-- REQUIREMENT --
Copy out all of the lines below exactly; the pictures do not belong in the copy.

-- RAW DATA --
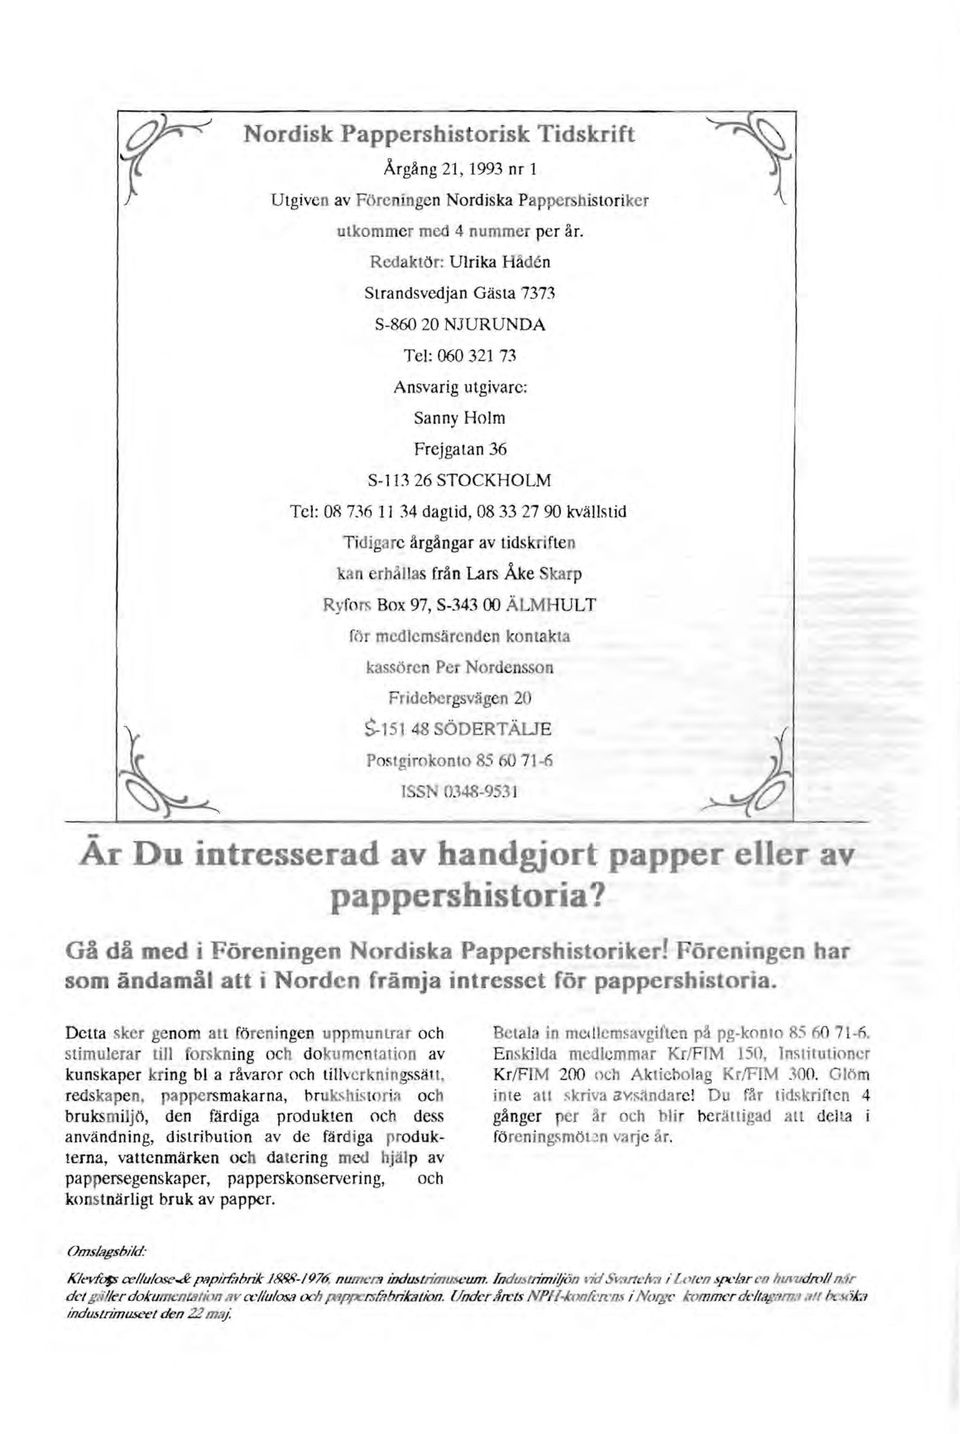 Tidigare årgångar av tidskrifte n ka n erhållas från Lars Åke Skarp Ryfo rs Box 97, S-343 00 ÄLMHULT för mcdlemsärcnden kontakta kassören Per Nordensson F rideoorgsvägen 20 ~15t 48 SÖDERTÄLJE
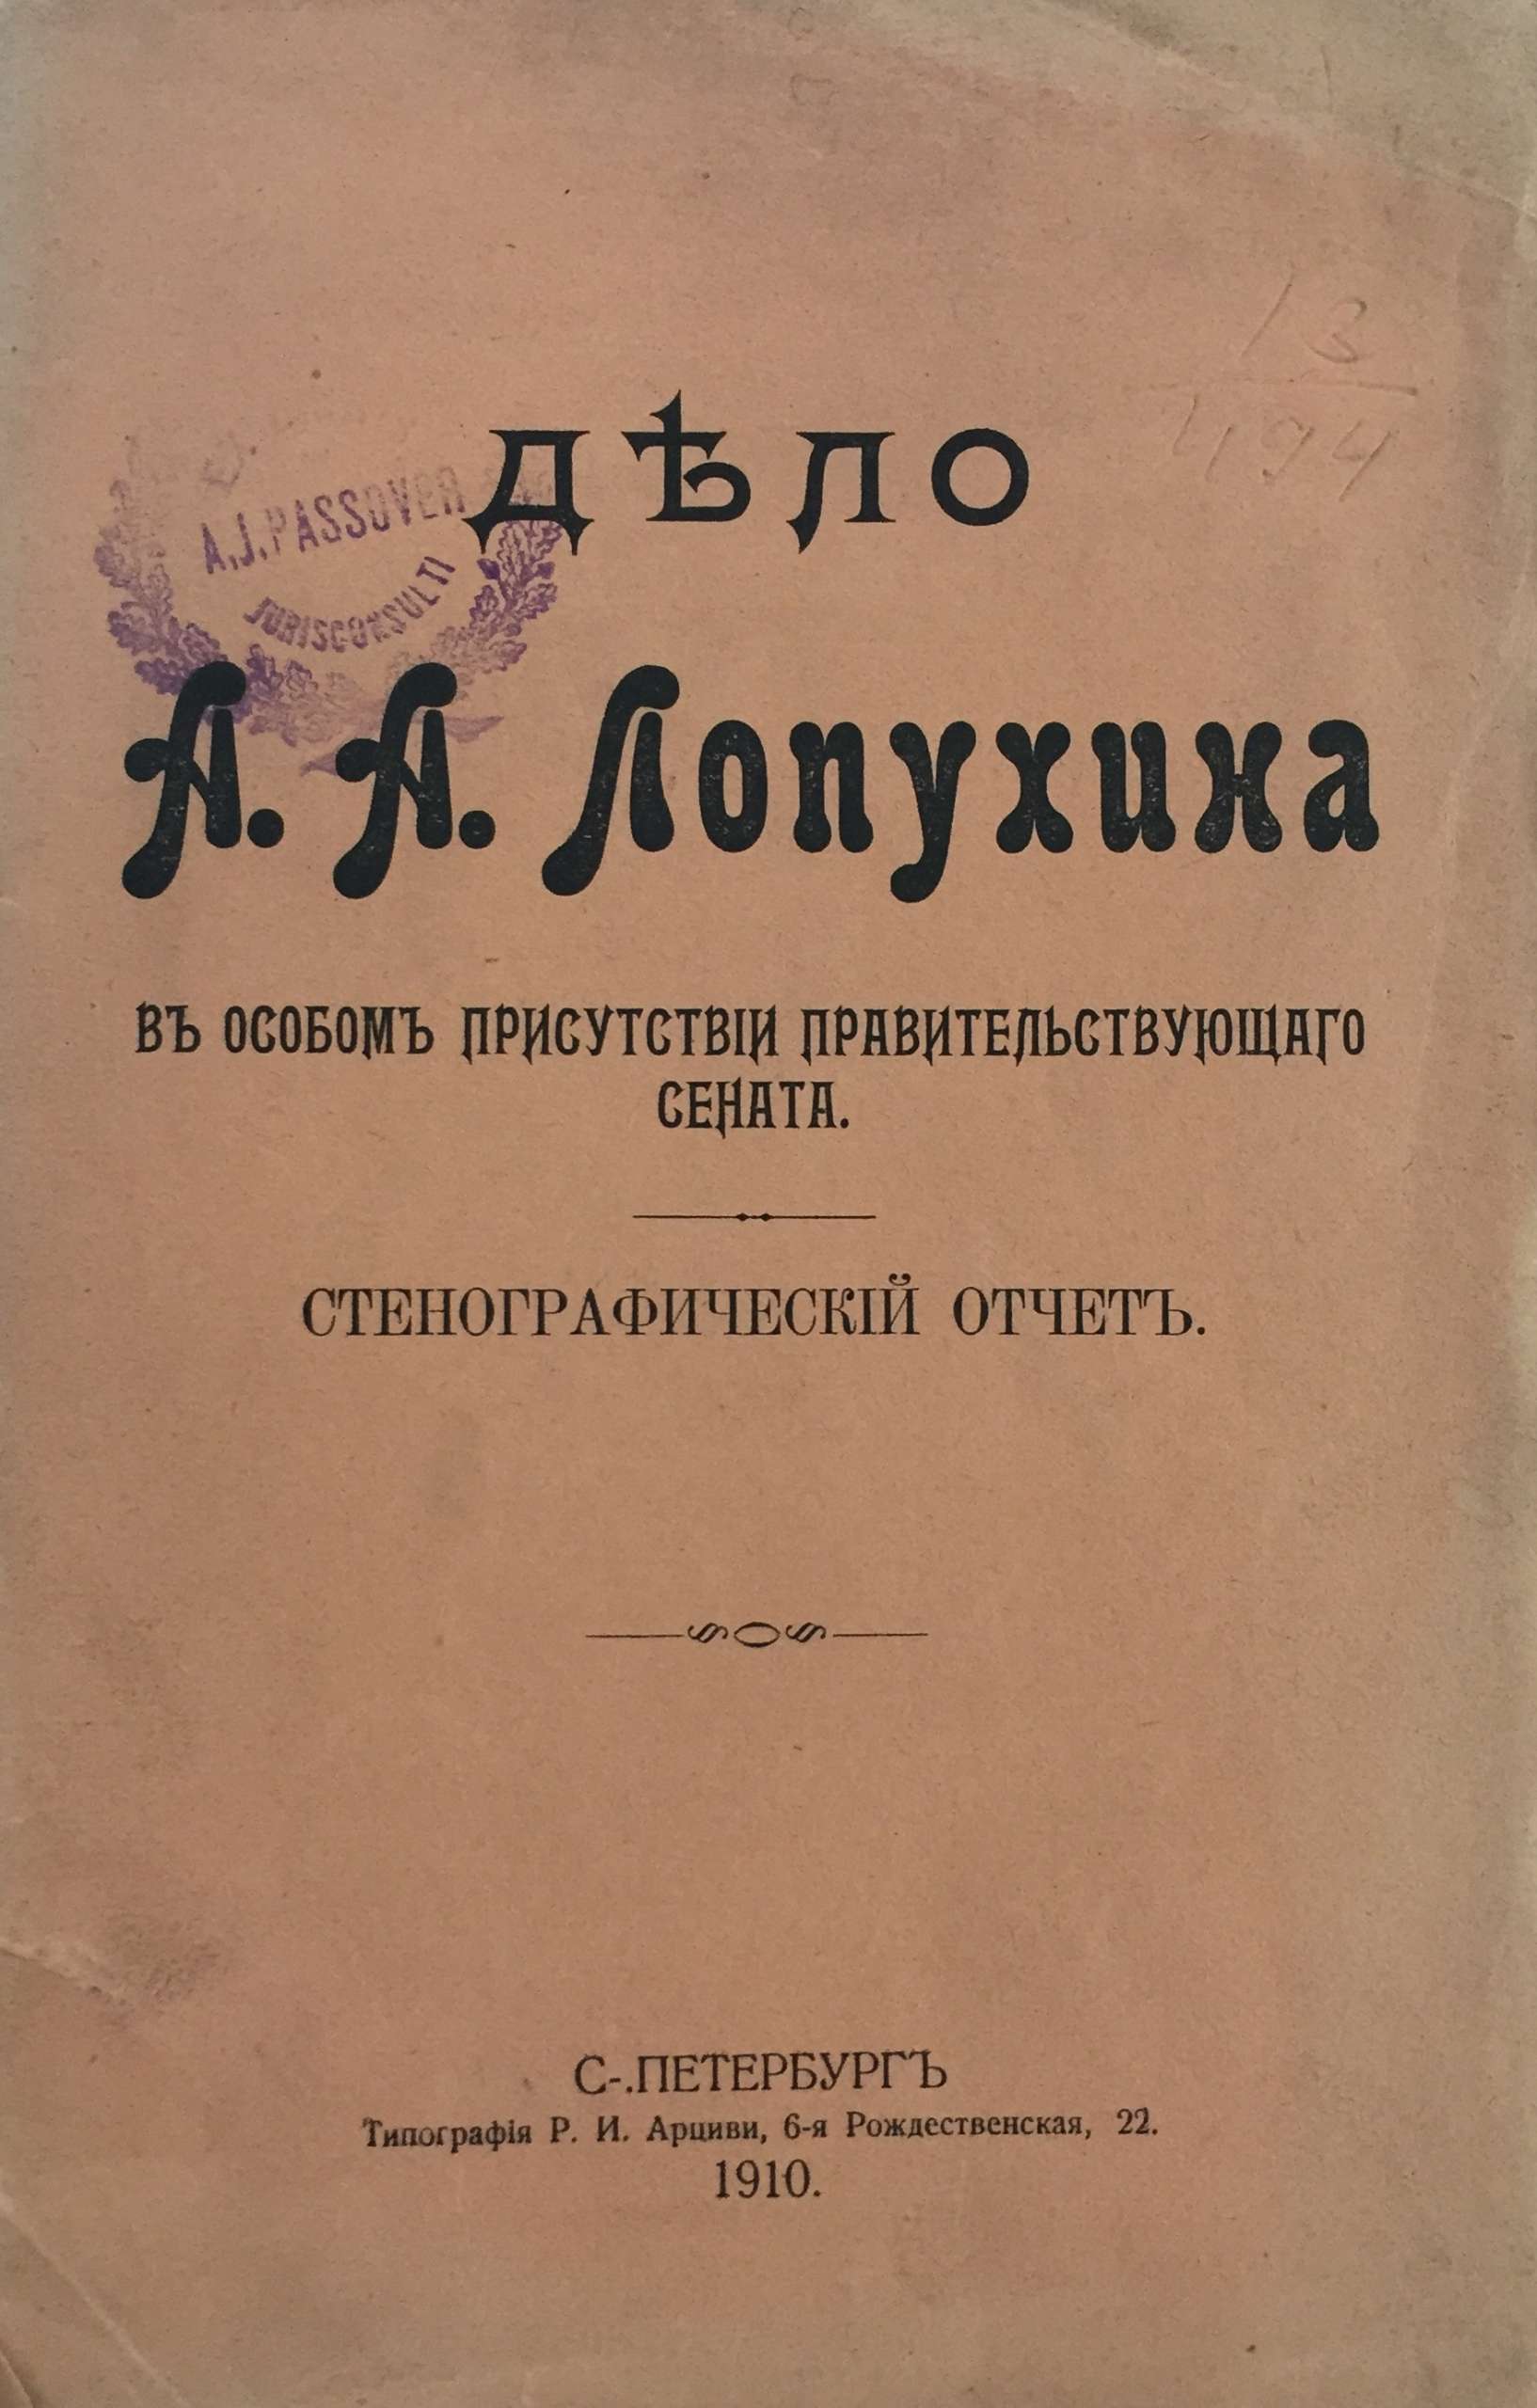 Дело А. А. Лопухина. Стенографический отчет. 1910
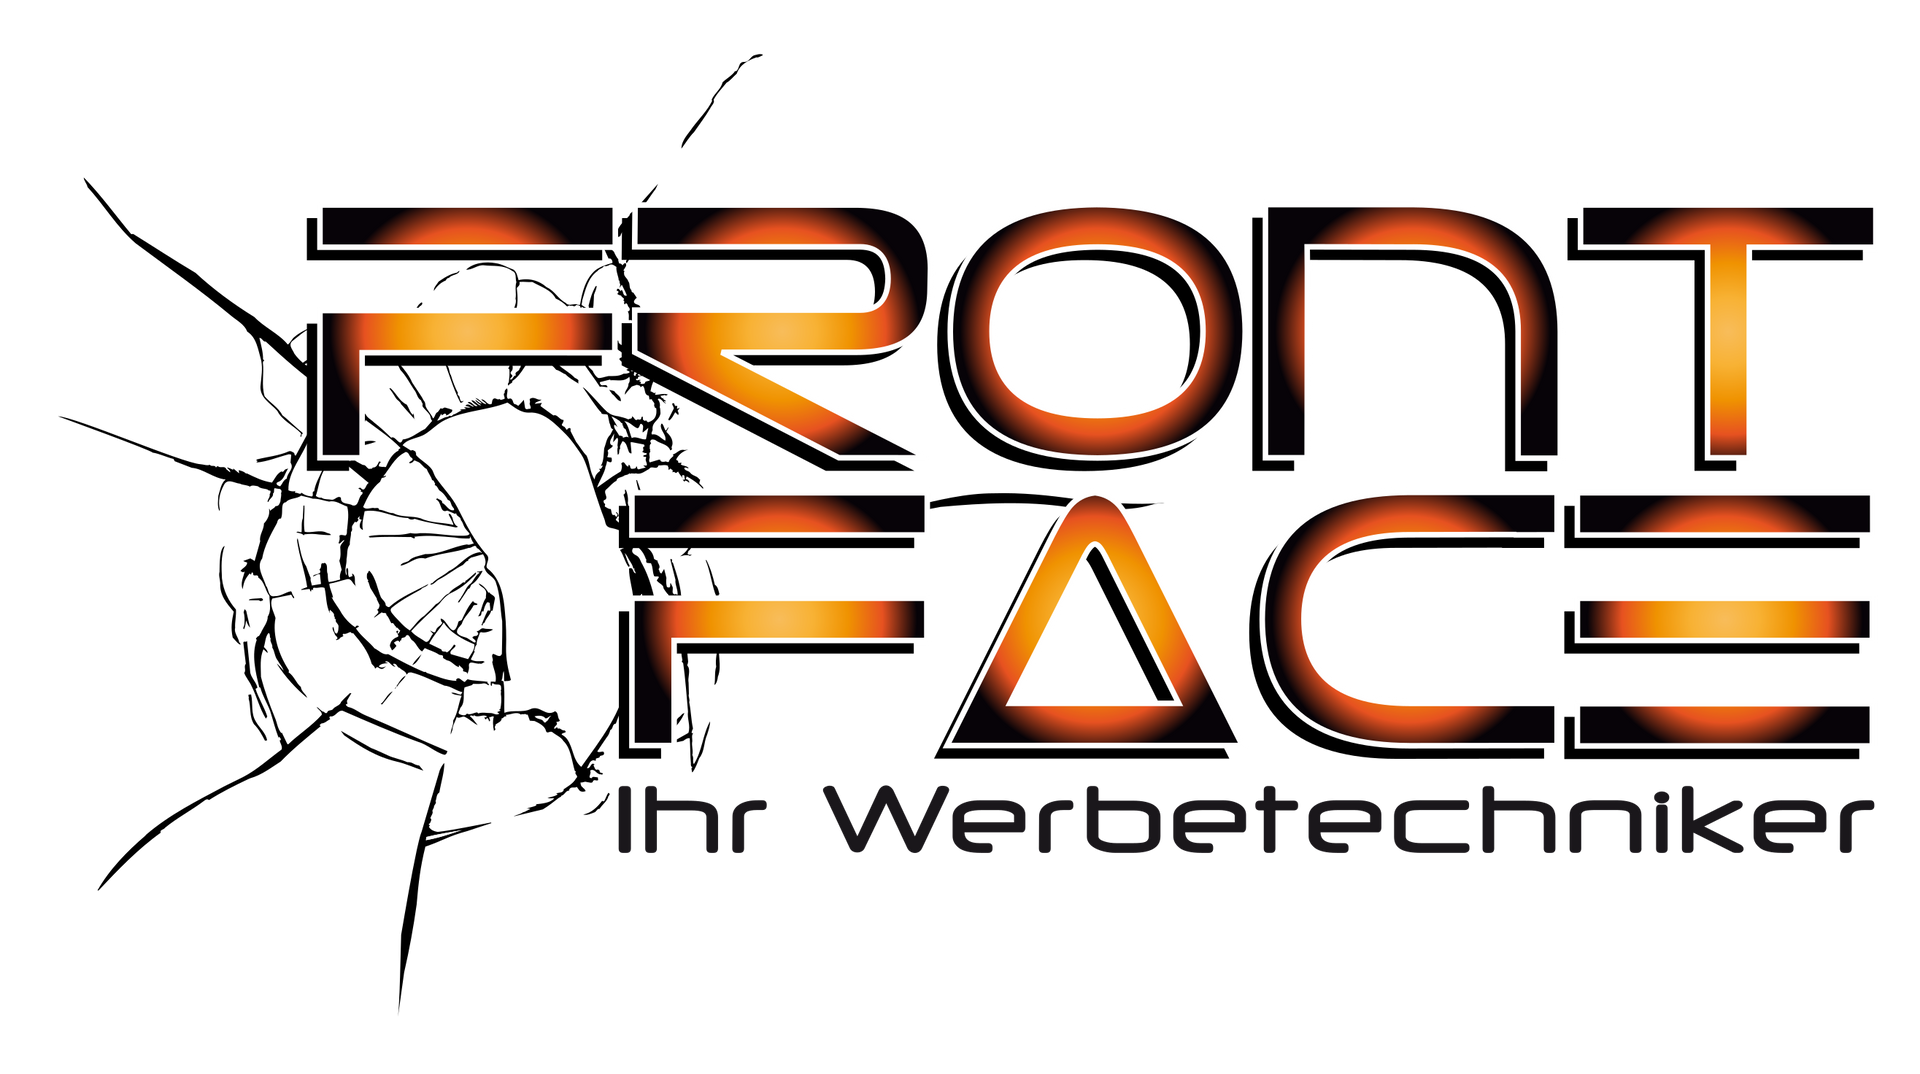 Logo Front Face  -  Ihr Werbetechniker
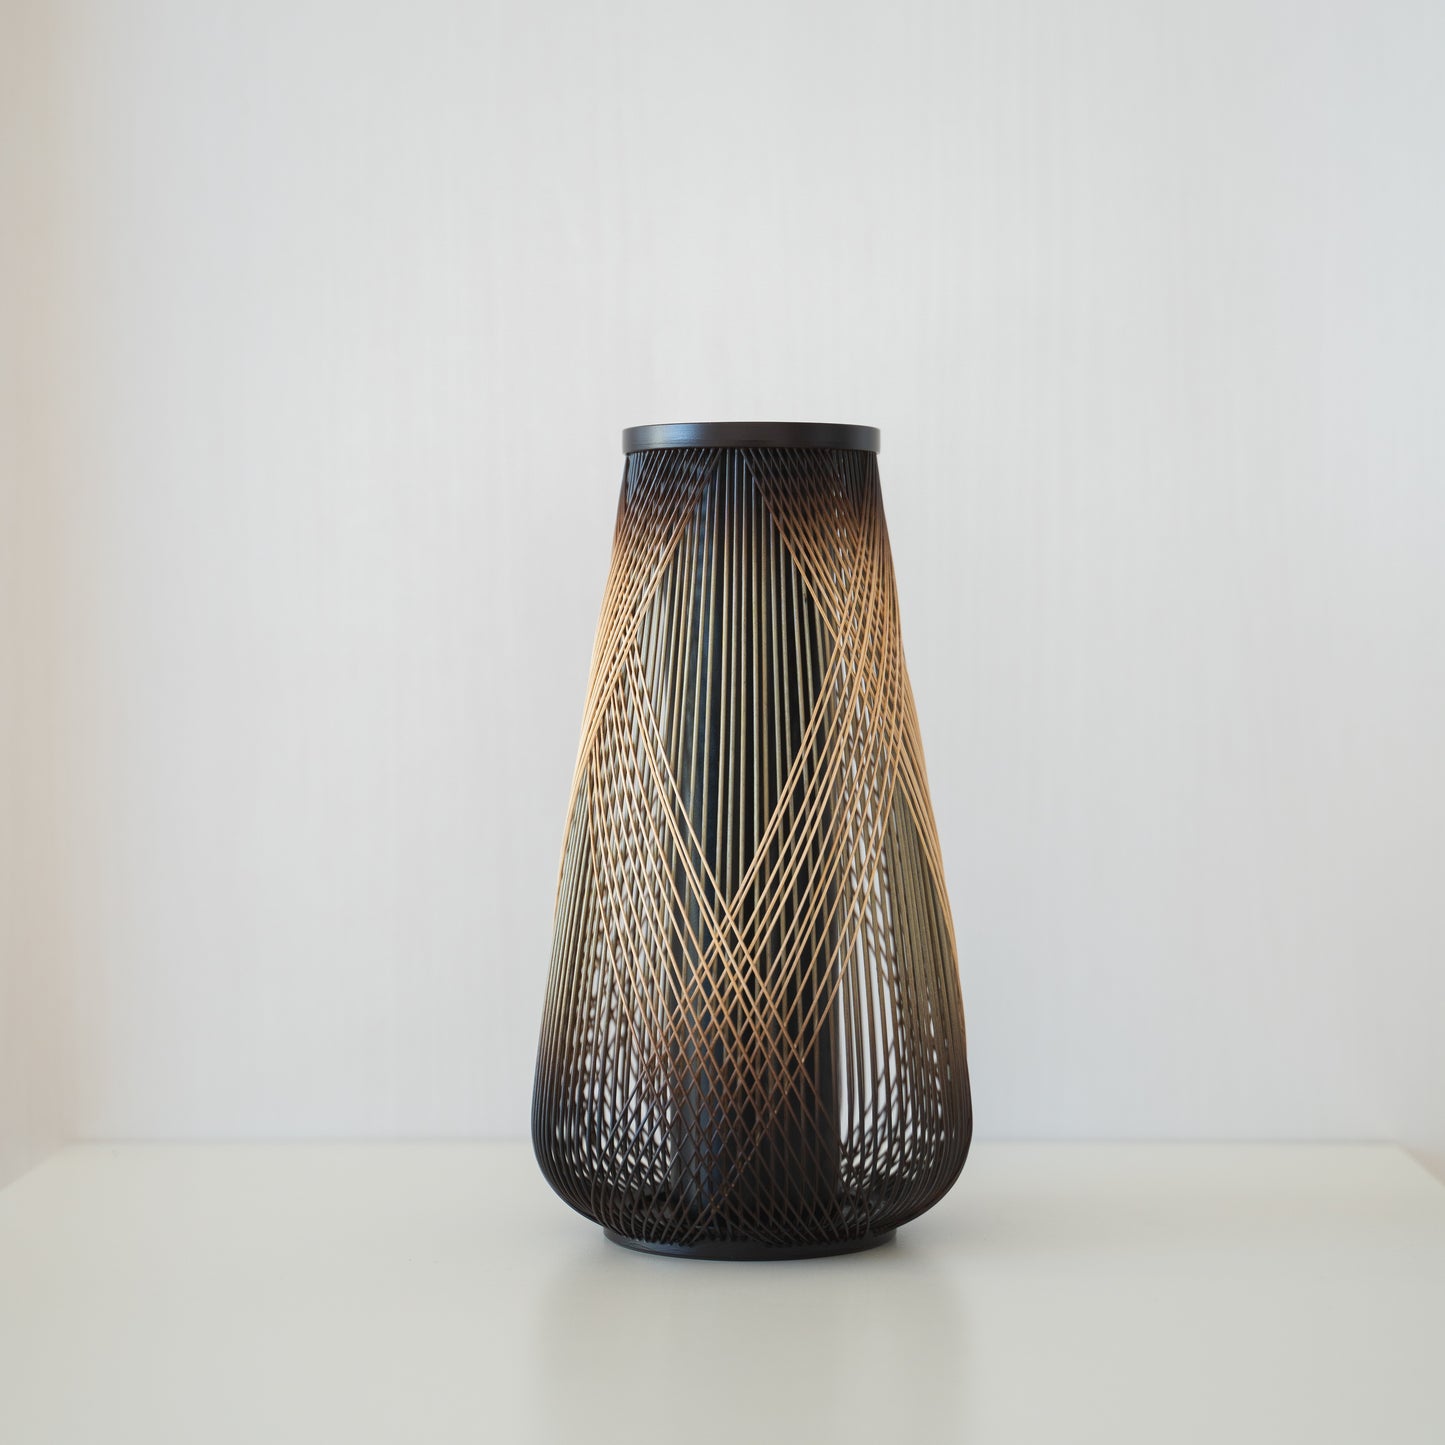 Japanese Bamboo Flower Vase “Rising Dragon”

-- TASK RESPONSE --
 Tidigare årgångar av tidskrifte n ka n erhållas från Lars Åke Skarp Ryfo rs Box 97, S-343 00 ÄLMHULT för mcdlemsärcnden kontakta kassören Per Nordensson F rideoorgsvägen 20 ~15t 48 SÖDERTÄLJE
 Дело А. А. Лопухина. Стенографический отчет. 1910
 Logo Front Face  -  Ihr Werbetechniker
 Japanese Bamboo Flower Vase “Rising Dragon”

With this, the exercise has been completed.